You could’ve never known, but you’ve already dealt with tokens. For example, the subway token that grants the right to using the subway service. Another example is American dollar at the gold standard times. It was a token that presumed the right to a certain amount of gold.
This term is much more narrow, so it’s easier to give it a clear and comprehensible definition.
A cryptographic token is an accounting unit that is being used to represent digital balance in a certain asset, whilst the ownership of a token is evidenced by the aid of certain cryptographic mechanisms, for example — digital signature. Bitcoin (coin) is a cryptographic token. But, it’s important to understand that …
Cryptocurrency coin is a cryptographic token, but it’s never the other way around, meaning that not all cryptographic tokens are cryptocurrencies.
Once again, the cryptographic token represents a unit in certain digital accounting system. Meaning that tokens can not only represent some digital independent currency like Bitcoin but also be backed by something physical or digital:
- Digital obligation
- Any currencies
- Ownership rights
- Right for a service, etc
For example, agribusiness company can tokenize its grain receipts, so that seeds are situated in the warehouse, while the tokens are being easily traded.
Most commonly, the accounting of cryptographic tokens is realized with the aid of the blockchain technology, while the access to them is carried out through special e-wallets that use the digital signature schemes.
Now, let’s have our knowledge structured
The last thing we’re going to do is puzzle out this, at first sight, complicated scheme. In reality, it’s a piece of cake.
As you can, see it’s all about digital assets. Let’s first define the right side of the picture:
- Non-auditable digital currency. Commonly, a centralized payment service with which you can transfer certain digitized assets and/or currencies. No one can verify the database, but only trust the honesty of the service.

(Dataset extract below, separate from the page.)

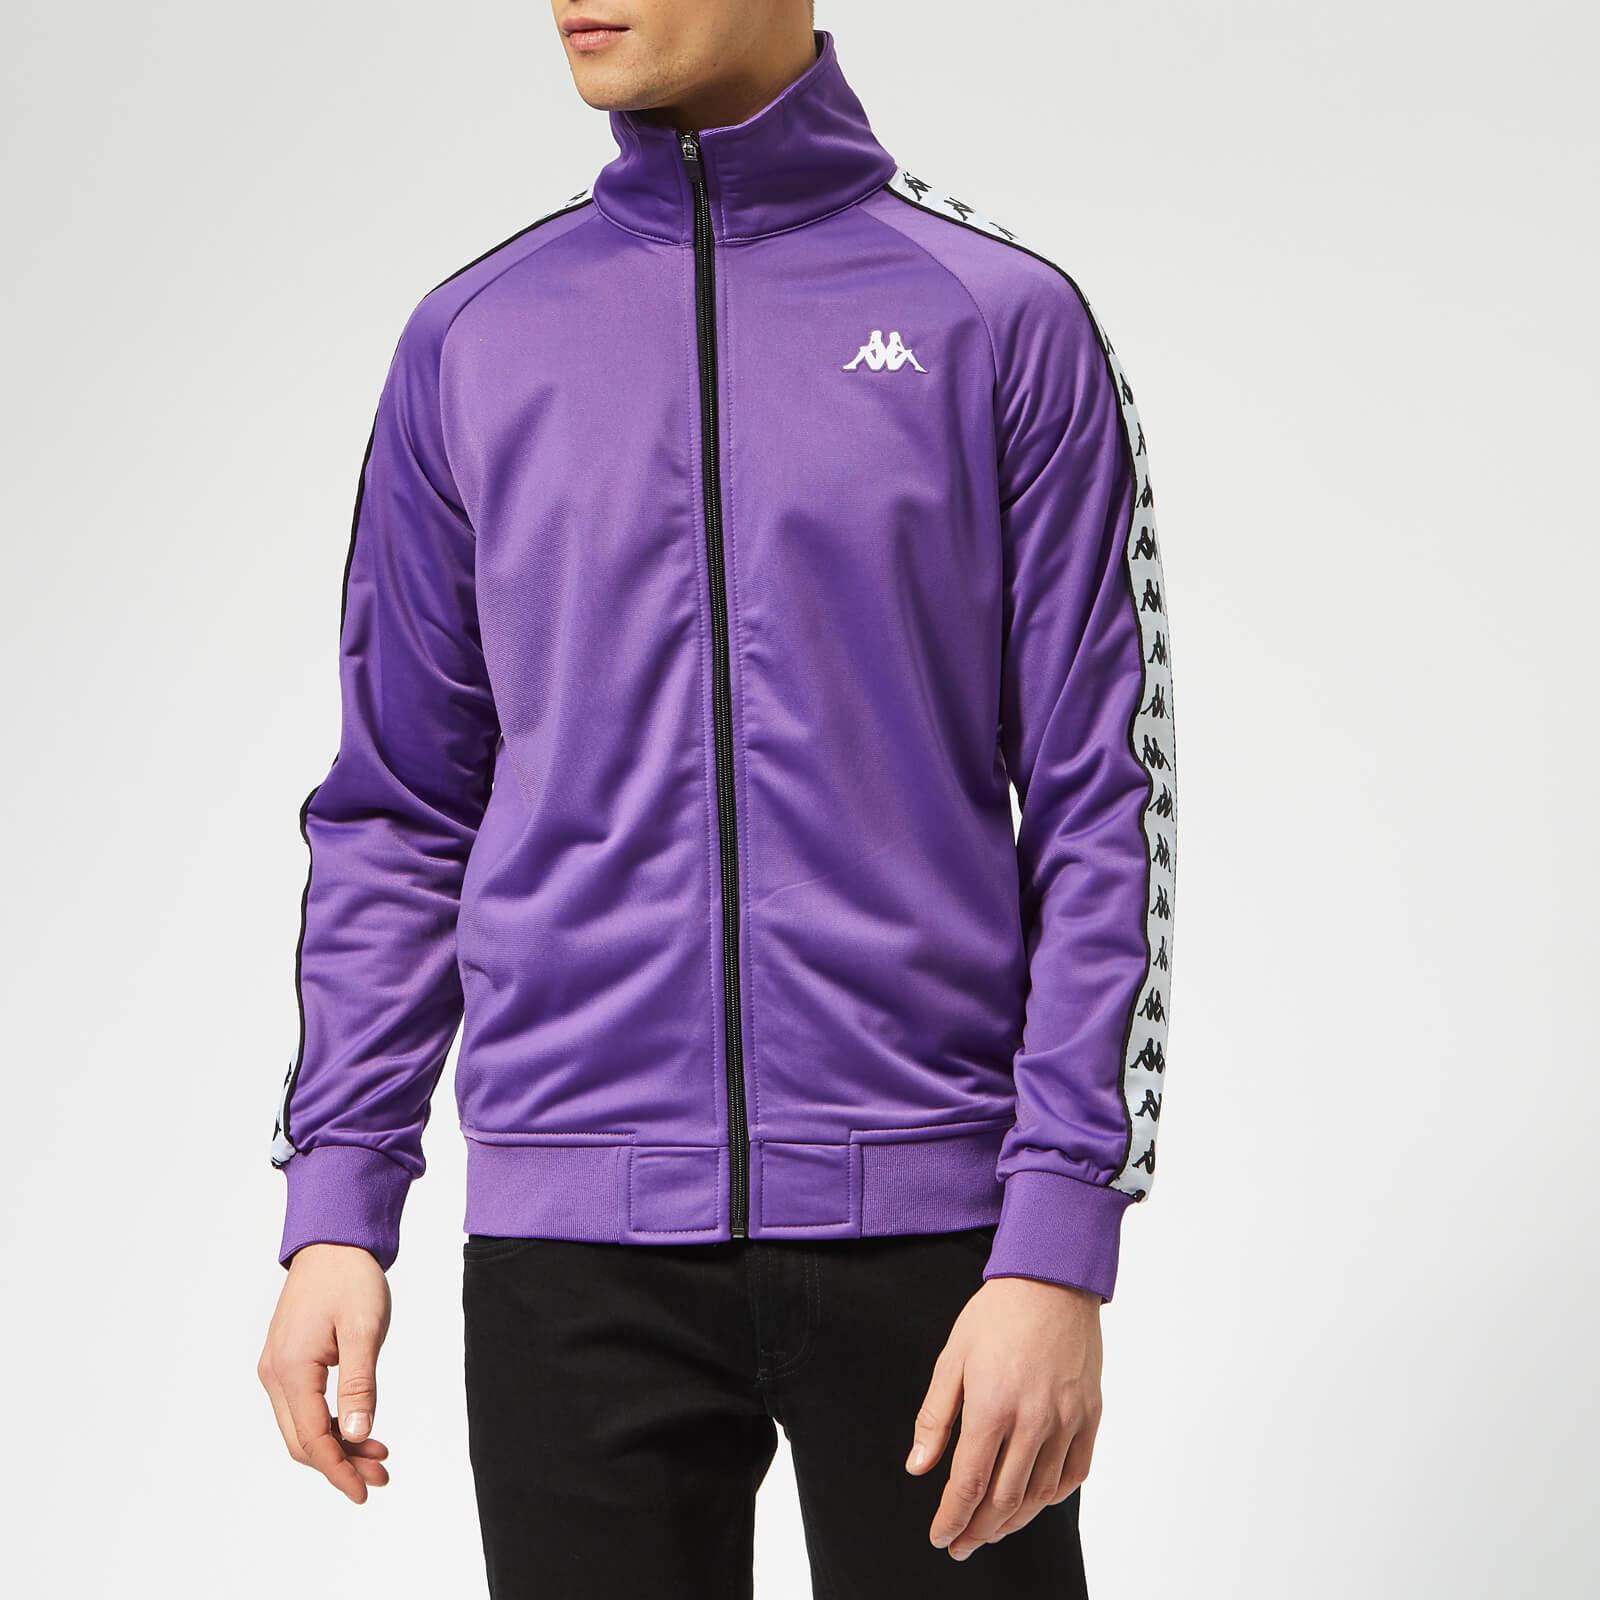 Kappa Synthetic Banda Anniston Track Jacket in Purple for Men - Lyst

- Complementary digital currencies. Basically, it’s the same thing, it’s just that the safety mechanism implies the use of cryptography. The circle intercepts with ‘cryptographic token’.
Now, let’s consider the left part:
- Cryptographic token. A unit in the accounting system that’s protected with the aid of cryptographic mechanisms. (Tether (USDT) is a cryptographic token, the price of which is backed by that of USD)
- Auditable digital currency. It’s a digital currency that’s not yet cryptocurrency because some of the processes are not decentralized, though the database can be audited by any or some external parties (which significantly distinguishes it from non-auditable digital currency, where it’s all based on trust and confidence). That’s where many people get frequently confused because they think that it’s a cryptocurrency, but it’s actually not. Ripple and Stellar are good examples.
- Totally decentralized and independent digital currency (issuance, validation, audit, decision making, etc).
Sometimes people find it hard to distinguish what is cryptocurrency and what’s not. We aimed to show that it’s not that difficult when you have your main focus on the criteria of independence and decentralization. Because it is specifically they that define the true freedom of the currency and of those who own it; they that triggered a tiny (or maybe even not) revolution of the accounting systems; revolution in people’s minds.
P.S. At the same time, it’s important to be objective and understand that cryptocurrencies are only the part of the game, because there’s the blockchain technology that is applicable for both: open (public) and private (corporate) systems. The workability field is so broad that triggers a vast flow of thoughts that we usually love to share on the Distributed Lab blog.